The Disappearance of Chloral Hydrate as an Effective Sedation for Management of Challenging Child Dental Behavior: An Inappropriate and Unfortunate Outcome
John E Nathan*
Department of Pediatric Dentistry, Adjunct Professor, University of Alabama, Birmingham, and Case Western Reserve University, Cleveland
Submission: June 20, 2018; Published: July 09, 2018
*Corresponding Author: John E Nathan, DDS, MDS, Department of Pediatric Dentistry, University of Alabama, Birmingham, and Case Western Reserve University, Cleveland, Email: jnathandds@gmail.com
How to cite this article: John E Nathan. The Disappearance of Chloral Hydrate as an Effective Sedation for Management of Challenging Child Dental Behavior: An Inappropriate and Unfortunate Outcome. J of Pharmacol & Clin Res. 2018; 6(1): 555678. DOI:10.19080/JPCR.2018.05.555678
Editorial
For the greater part of four decades, the use of chloral hydrate in combination with other agents (hydroxyzine and meperidine) has served as the primary agent for management of moderately to severely apprehensive and disruptive child dental behavior for in-office sedation. Over the past few years, however, its misuses have resulted in both terminations of manufacture in an oral elixir form as well as diminished use in the pediatric dental setting for procedures requiring moderate to lengthy working times. Several institutions and states have removed it from its formularies or discouraged its use leaving a huge void in sedation arsenals previously used safely for many years. At present, the end result has been for less experienced clinicians and training programs to rely on a limited arsenal of shorter acting agents with reversal capabilities that fall seriously short with respect to efficacy and working time. This editorial seeks to explore support, or in actuality the lack thereof, for evidence based support for this unfortunate occurrence.

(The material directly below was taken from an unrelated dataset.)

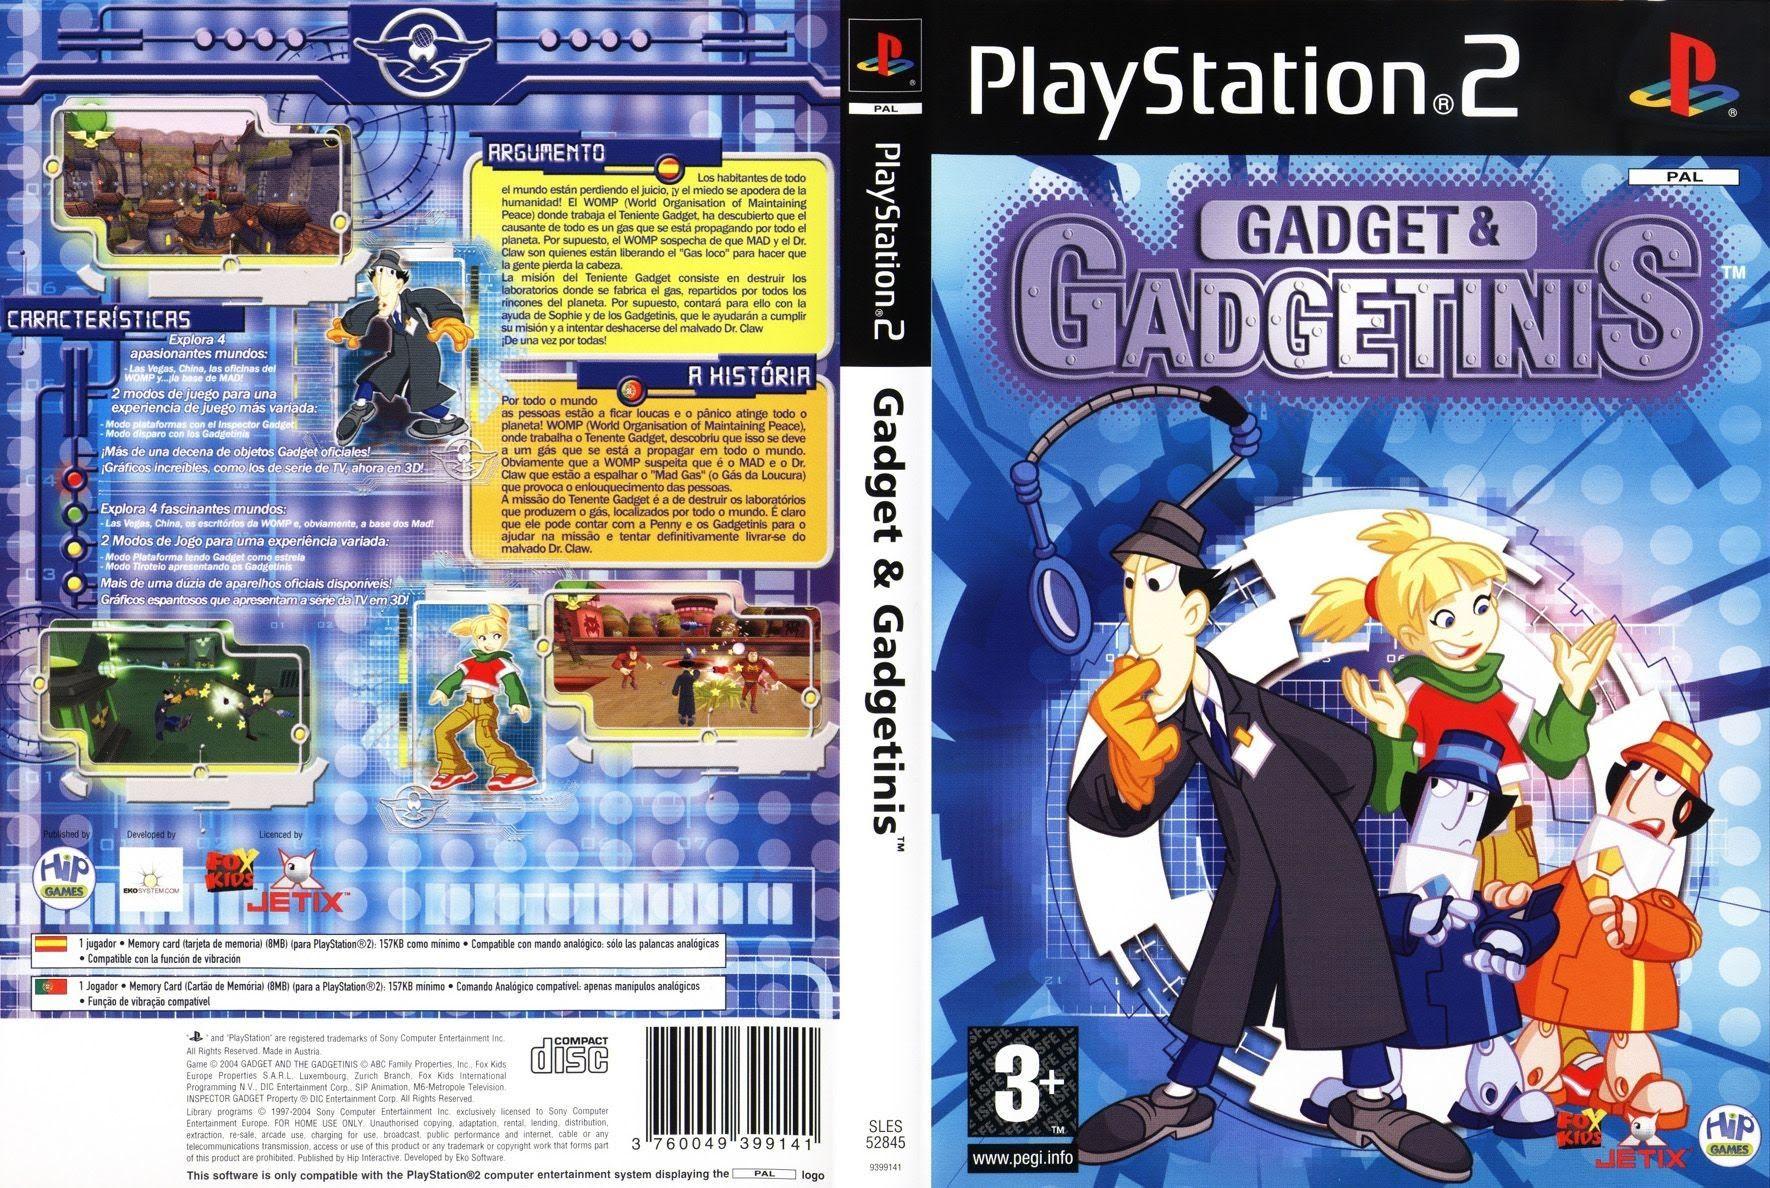 Gadget & the gadgetinis PS2 Walkthrough/lets play part 1

Having served as a clinician, researcher, and academician for almost forty years, it has been this observer’s impression that no agent or combination remotely compares to the effectiveness and safety of Chloral hydrate combined with hydroxyzine and meperidine for managing challenging child behaviors of 2-5year old’s when moderate or extensive treatment needs exist. Heavy reliance on short and ultrashort-acting benzodiazepines such as Midazolam has for reasons which lack credibility and evidence based support become the drug of choice. 1 Despite considerable study to illustrate the safety but short acting effects of this agent and variable efficacy, it appears the decision to abandon chloral hydrate has been made by contemporary training programs to simply eliminate or reduce the occurrence of mishaps that have appeared in the literature or been addressed by litigation. The sequelae for having eliminated CH from their arsenal of management approaches has been both acceptance and reliance on the frequent need for physical restraint when alternative oral agents or strategies prove inadequate to overcome interfering behaviors [1,2]. In addition to sedation failures to control resistive behaviors from sub-therapeutic dosing, are adverse reactions resulting from excessive dosing. In any event, the loss of CH from available sedatives leaves a huge void when longer durations of action are needed. Mishaps which have tainted this time tested agent, however, appear to be multifactorial in origin. The etiology and historical misuse of CH are described below.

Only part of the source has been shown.